Bats has been turned into NASA’s command headquarters in Houston, Texas where we watch on large TV screens the launch of Apollo 13 for its journey to the moon taking place far away in Florida at the Kennedy Space Center.
We sit at consoles and each person has a specific task. If you are not up to speed with some of the terminology the usual theatre programme has been turned into a booklet entitled White Team Manual. As this is interactive theatre you may be called on to assist in some small way or you might even receive a congratulatory phone call from the President of the United States.
After the successful launch all hell breaks loose, lights flash on the consoles, details of the astronauts’ physical condition are shown on the screens as are the details of the lack of oxygen, fuel, and power. Will the astronauts reach the moon or return to earth or perish? We watch the three astronauts coping with their frightful predicament in their capsule.

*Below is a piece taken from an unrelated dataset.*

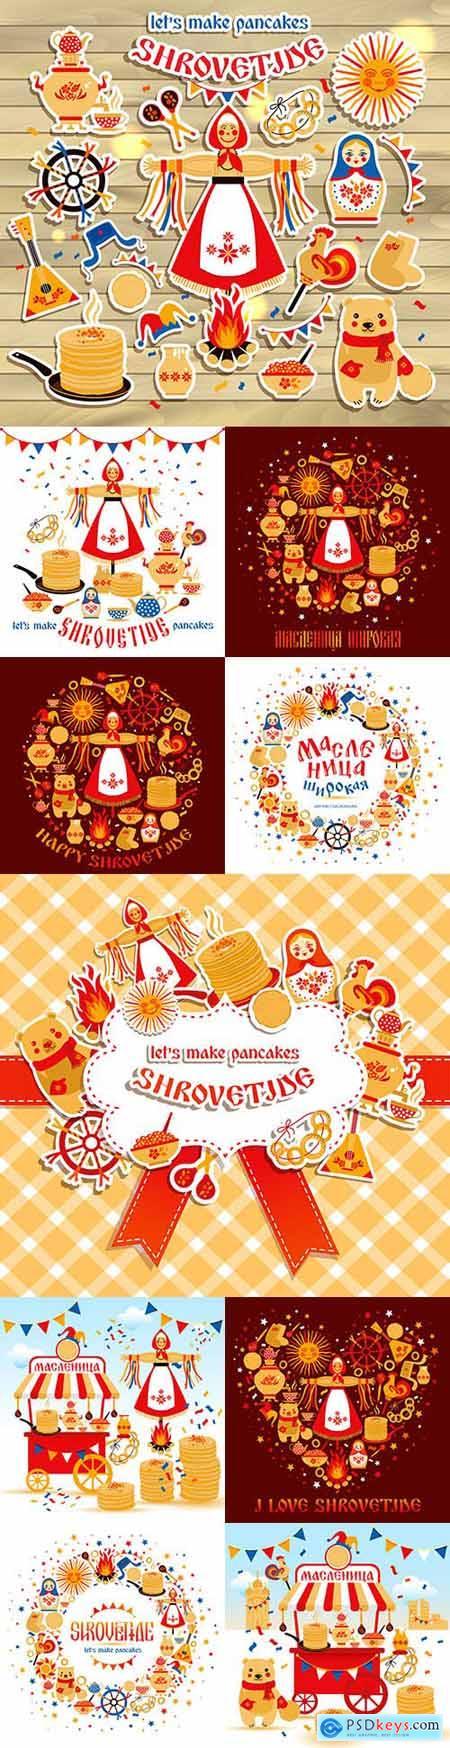 Wide Shrovetide national holiday and design elements illustration

A rescue plan is put into operation which includes the audience having to solve some (simple) equations – the first I might add that I have done since school. Some personal drama amongst the ground crew has been injected into the script along with some humour and some brief historical background to remind us this is 1970.
It is all held together and driven fiercely forward by the conviction and dynamism of Jason Whyte as the bossy Flight Director and by Michael Whalley, his underling who is trying to make his own mark on the proceedings.
All praise to Kip Chapman who was assisted with the script by Jason Whyte, Michael Whalley, Ryan O’Kane and Rachel Forman, and to [Brad Knewstubb who designed the realistic-looking Mission Control], Robert Larsen who was responsible for the technical systems design as well as the stage management, and to Gareth Ruck for the audio design.
However, I came away from Bats not only marveling how this team put it all together so brilliantly and entertainingly but also realizing yet again what a stupendous feat of human endeavour space travel is. And that is, I expect, what Kip Chapman wanted to express.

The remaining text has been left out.